Local Autonomy Networks: Post-Digital Networks, Post-Corporate Communications

Micha Cárdenas

PhD Student, Media Arts and Practice
University of Southern California

Detroit, along with other cities in the Midwestern United States, is often described with a narrative of post-industrial dystopia and urban collapse. Alexis Madrigal in The Atlantic says “there are lots of places where the apocalypse has already happened,” and cites Detroit as one of these places. [1] Madrigal’s article reproduces a dehumanizing, ableist and racist trope about Detroit when the author compares drug users in Detroit to zombies, reproducing a post-apocalyptic vision of the city that depicts residents as subhuman and devoid of agency, or even thought. In contrast, Jamilah King sets the scene by saying that “Detroit… is famously associated with the collapse of U.S. manufacturing” and “the downfall of Detroit’s economy is legendary” and then shows how residents are responding by creating community based mesh networks. [2] Community based organizations such as Allied Media Projects see a vision of the future in Detroit which is demonstrated by the kind of imagination involved in the Octavia Butler session at the 2012 Allied Media Conference which looks to her science fiction writing as an inspiration for creating new forms of social movement and new forms of living. While digital technology has played a large role in furthering economic inequality along traditional colonial lines of race, gender and sexuality and groups like Allied Media Projects are developing new forms of knowledge and collaboration based on the knowledge of affected communities.

On a sweltering hot Detroit afternoon at the 2012 Allied Media Conference black feminist scholar of time and space travel Alexis Pauline Gumbs said “I have a vision of a post-digital future where the kind of communication we have today with cell phones and internet seems like an ancient relic… And a memory that supports this vision is that my ancestors could communicate telepathically.” [3] From the temporary shutdown of ThePirateBay.org and Wikileaks.org at the DNS level to the shutdown of cell phone communications to prevent protests in Egypt and San Francisco, corporate communications infrastructures are obsolete for resistant communities.
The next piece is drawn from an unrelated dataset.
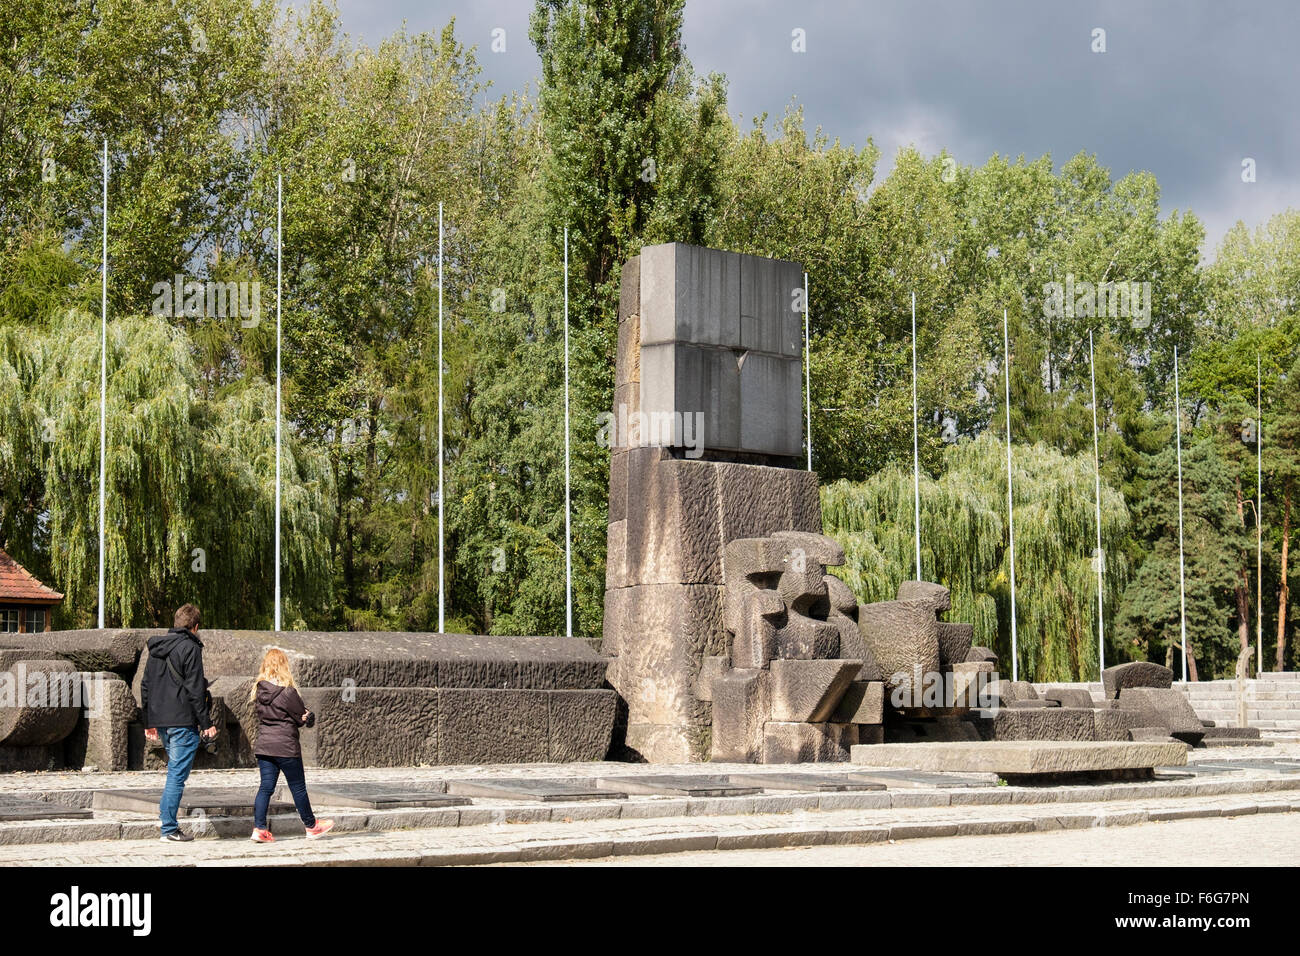 Memoriale a 1,5 milioni assassinati dai nazisti al campo Di Concentramento e Sterminio tedesco di Auschwitz II-Birkenau a Oswiecim, Polonia Foto Stock

In contrast, people in resistance are imagining and creating new post-digital futures.

The Digital as Worldview

Digital technology is the basis for a worldview or an epistemology often referred to as “the digital” which is imbricated with western logics. To imagine and work towards post-digital networks is to participate in a decolonization of technology via a decolonization of the network and to imagine possibilities which both precede and follow the digital. My intervention into media studies is to make a trans of color critique, taking inspiration from the queer of color critique of authors such as Jose Muñoz and Roderick A. Ferguson, that rejects the binary logic of the digital and looks to oppressed communities for alternative logics. Another useful example of this kind of decolonization is demonstrated by Lisa Nakamura’s writing on the labor of indigenous women to extract resources for creating technological devices.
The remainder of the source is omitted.